LEXINGTON, Ky. (KT) — A promotional poster that hangs on the wall at Papaleno’s Restuarant in Berea tells the story of the relationship between late Kentucky coach Joe B. Hall and late Louisville coach Denny Crum.
The poster, titled “Either Way, You Can’t Lose,” featured Hall and Crum promoting Converse, the shoe that dominated the sneaker circuit before the Nike explosion took over the market. Crum and Hall are shown at a table with their hands locked depicting an arm wrestling match, with a locker and Kentucky and Louisville jerseys hanging behind each coach. Both schools wore Converse at the time and it wasn’t hard for the two coaches to connect and promote the brand of their era.
As a representative of Converse, former Georgetown College standout and 1972 Olympian and team captain Kenny Davis became acquainted with Crum and Hall during coaching clinics and other events that showcased the two coaches.
“That gave me opportunity to be around him (Crum) on many occasions,” Davis said of Crum, who died Tuesday at the age of 86. “I can honestly say I don't know of any nicer person or any more of a friendly person than coach Crum was to me.
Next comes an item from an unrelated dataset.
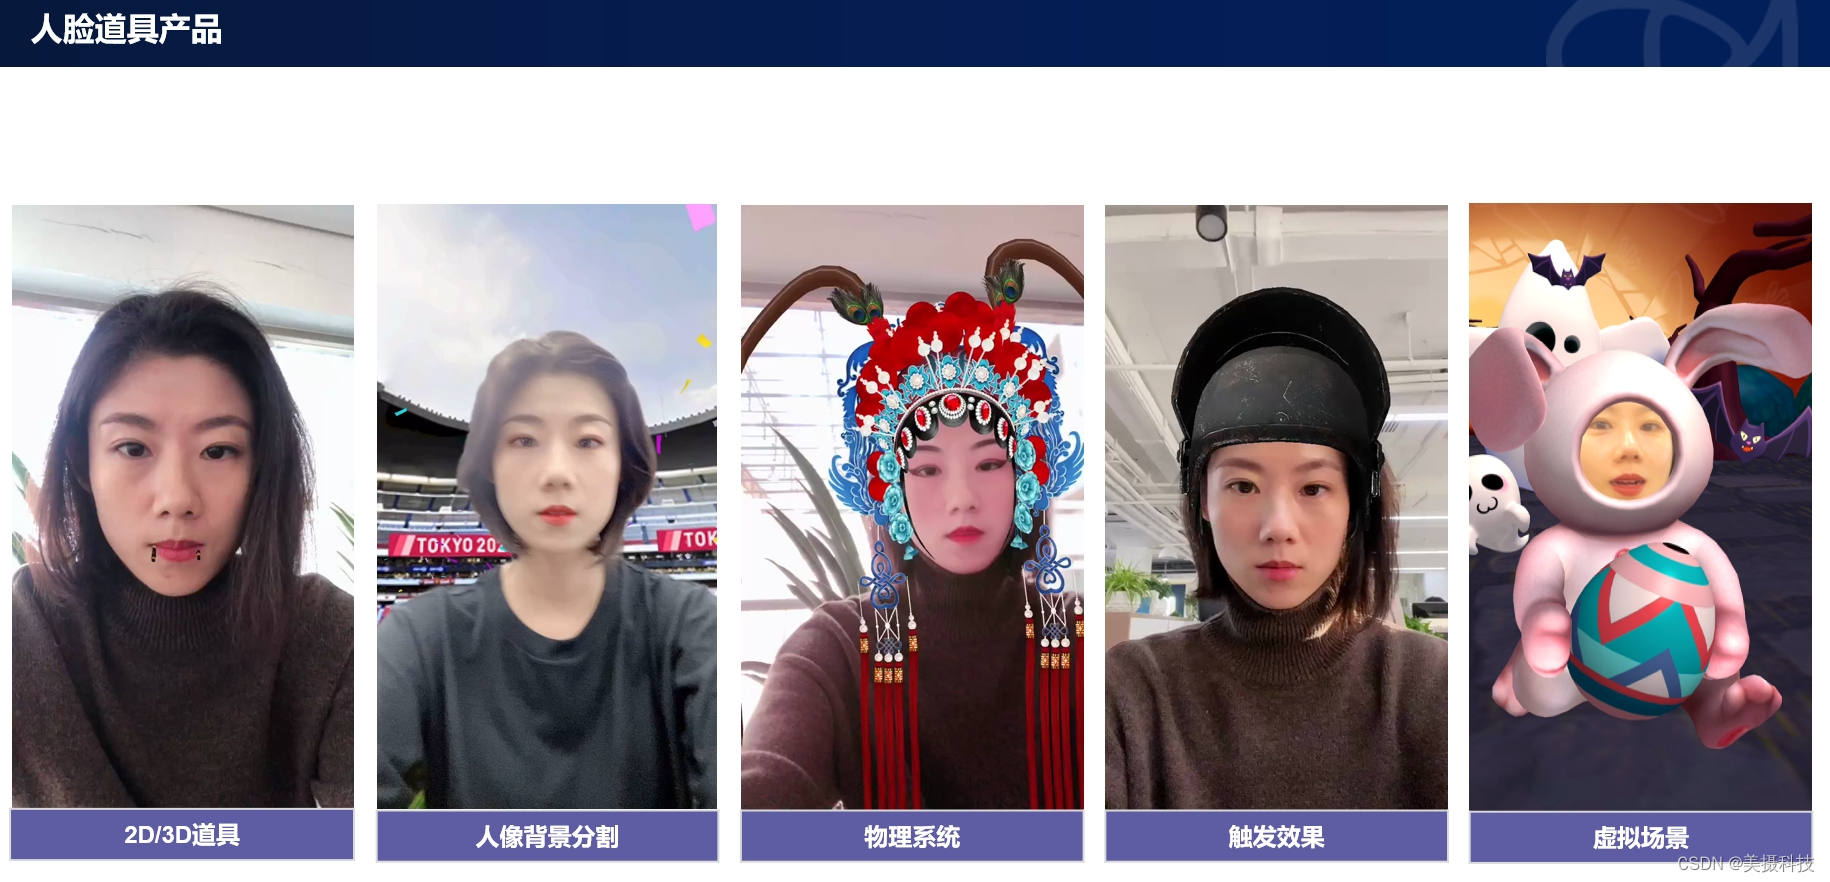 AR人脸道具SDK解决方案，实现道具与人脸的自然融合

Denny was pretty much the same person anytime you saw him. He never changed over the years.”
Even after a 40-year career with Converse, Davis still remained in touch with Crum.
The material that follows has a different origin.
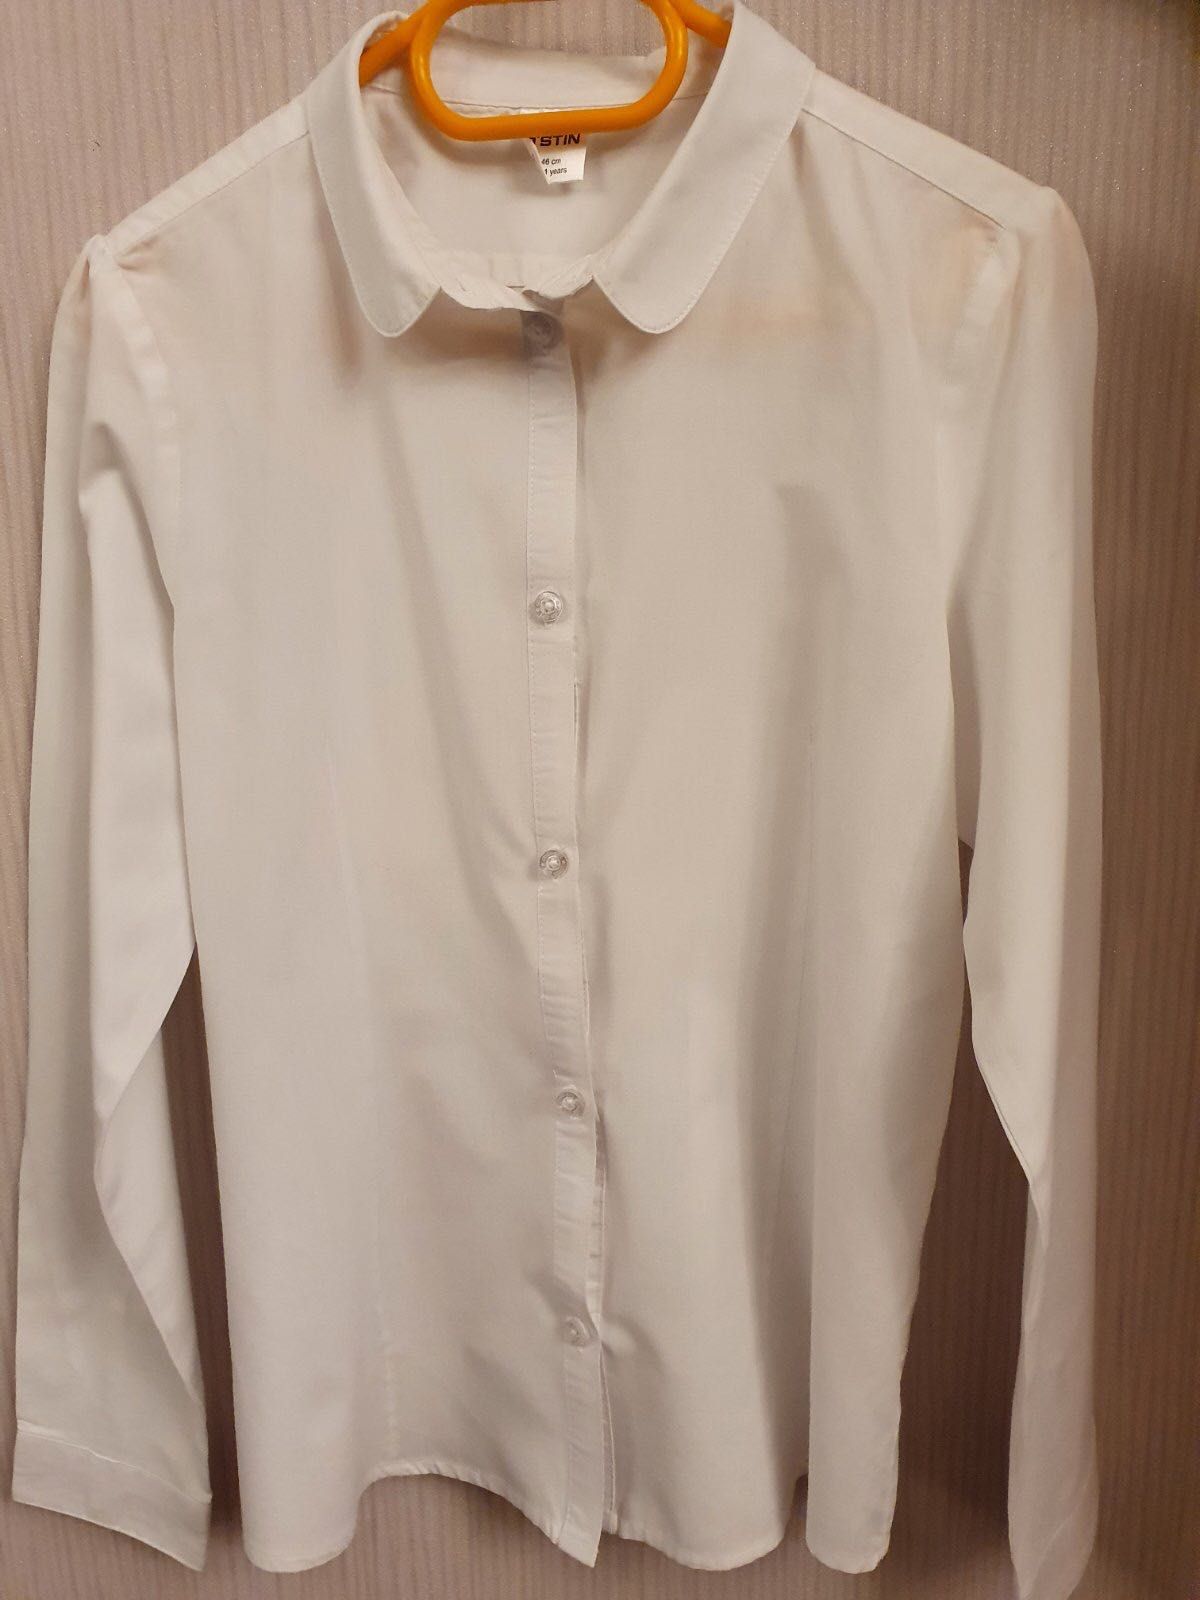 Рубашка для девочки O’STIN, рост 146 см, возраст 10-11 лет

“He was always kind and he was always someone who was interested in what you were doing, and he never, ever had an ego as far as I was ever concerned being around him,” Davis said.
Crum won two national titles at Louisville in 1980 and 1986 and played and coached under the late John Wooden.
What made Crum successful?
“He could coach, obviously, with his background from UCLA, being around (Wooden), plus he knew how to recruit players,” he said. “His system for a long time was to get as many athletic players as he possibly could, whether they were super basketball players or not.
“He felt like that if he was able to do that in the long run, he could win games with those type of athletes as opposed to maybe even the lesser talented basketball players.”
Following retirement from coaching, Crum and Hall had their own radio show, “Joe B. and Denny Show,” and Davis was often a guest on a segment. During one of those times on the radio, Hall and Crum signed posters for Davis, one of which hangs in Papaleno’s and others Davis has for his own collection.
Even prior to the two Hall of Fame coaches joining forces to create their own radio show, both were friends on and off the court.
“A lot of people don’t understand (the relationship between Crum and Hall),” Dais said. “Both of them liked to hunt and fish and I think they did that on different occasions, even when they weren’t coaching. You would go to coaches clinics and different events and there seemed to be absolutely no animosity between them.”
The relationship between Hall and Crum made it easy to promote Converse and was an easy sell for Davis.